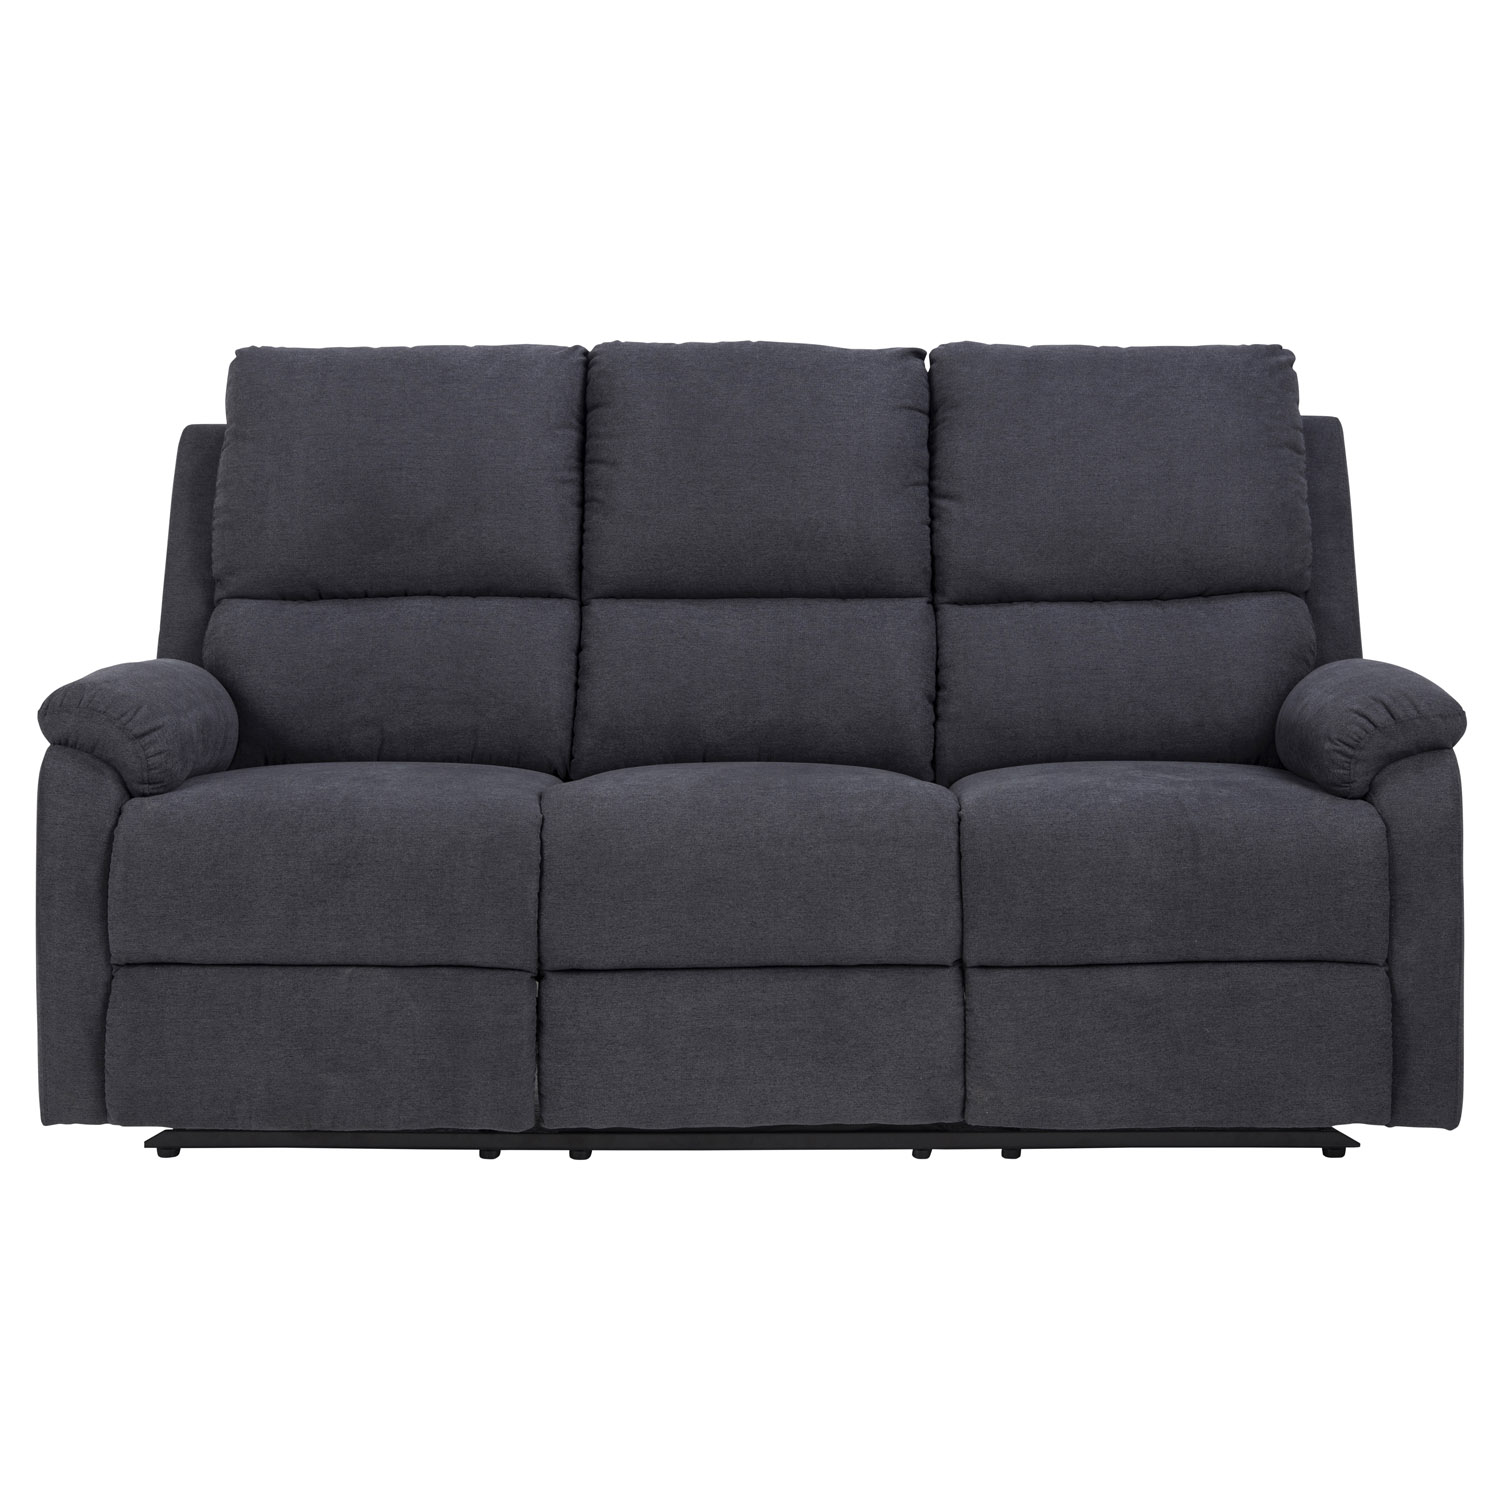 Billede af ACT NORDIC Sabia 3 pers. sofa, m. manuel recliner - mørkegrå stof og metal
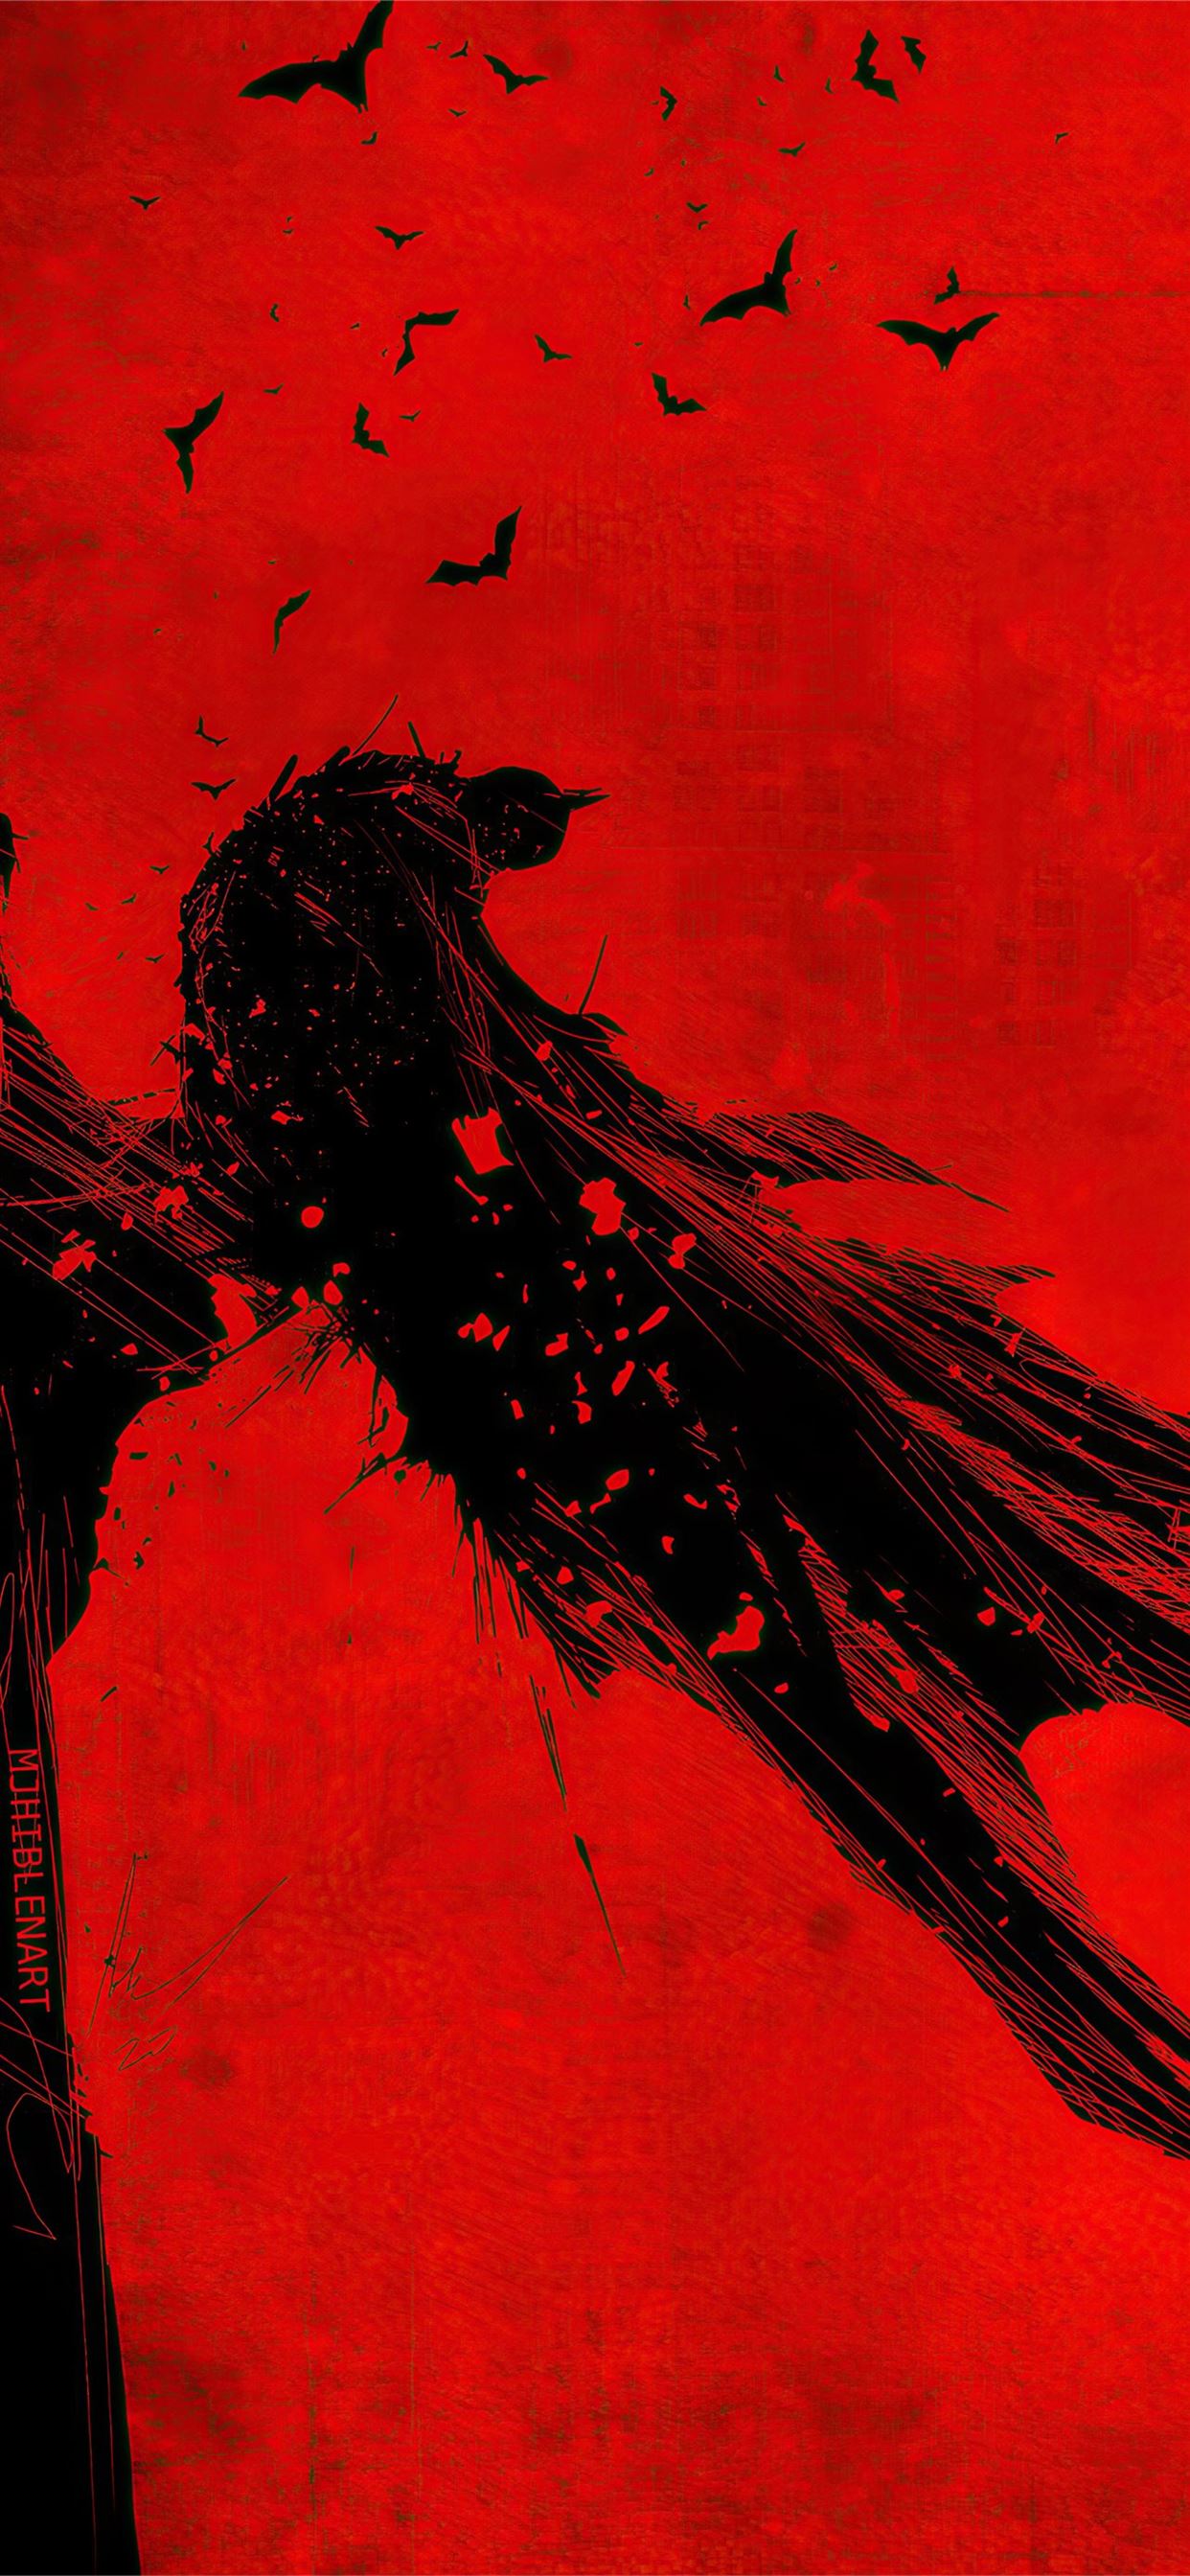 Batman iPhone Wallpaper HD  PixelsTalkNet
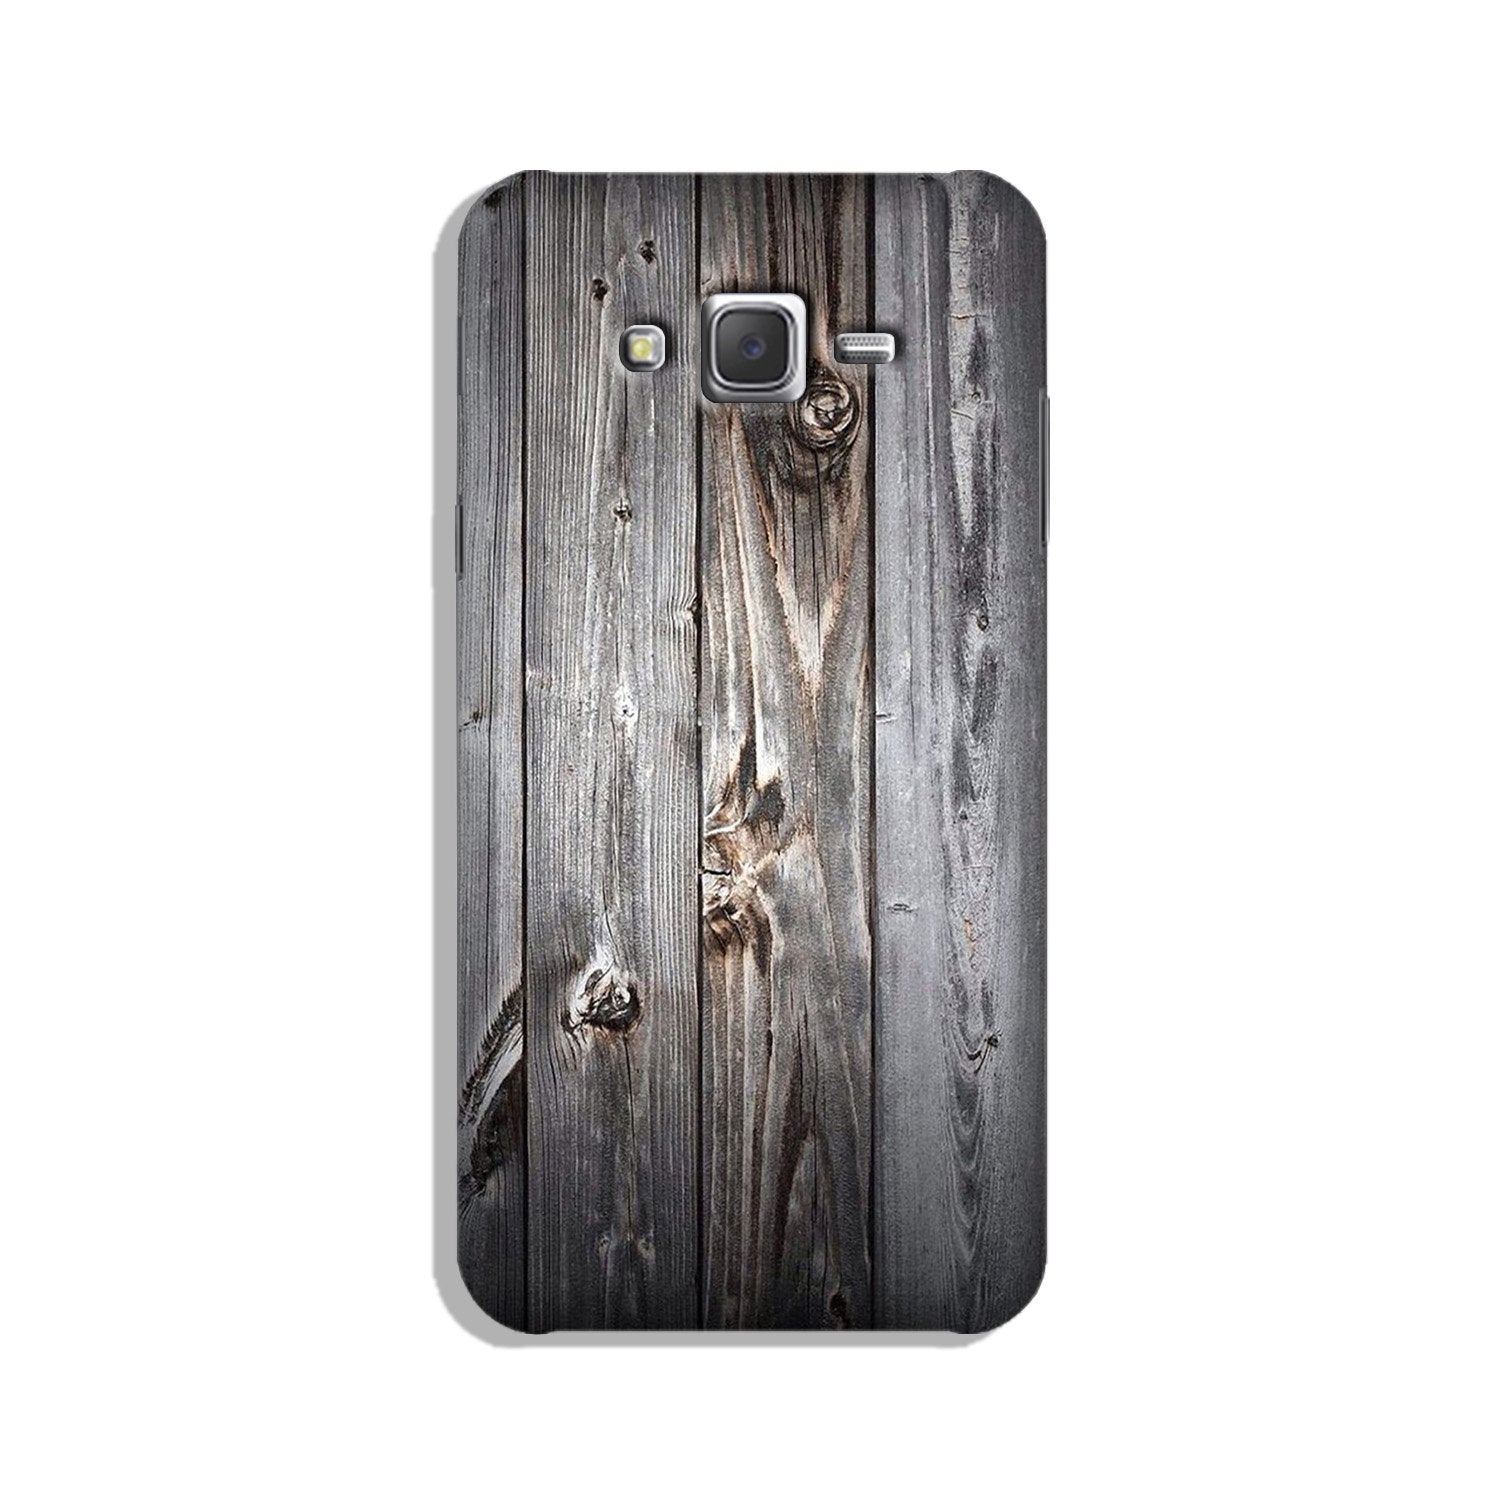 Wooden Look Case for Galaxy E7  (Design - 114)

————

▶ [AIM OF THE EXERCISE]
Wherever a picture appears in the material above, skip it and copy the rest without change.

▶ [EXERCISE RESPONSE]
 Billede af ACT NORDIC Sabia 3 pers. sofa, m. manuel recliner - mørkegrå stof og metal
 Batman iPhone Wallpaper HD  PixelsTalkNet
 Wooden Look Case for Galaxy E7  (Design - 114)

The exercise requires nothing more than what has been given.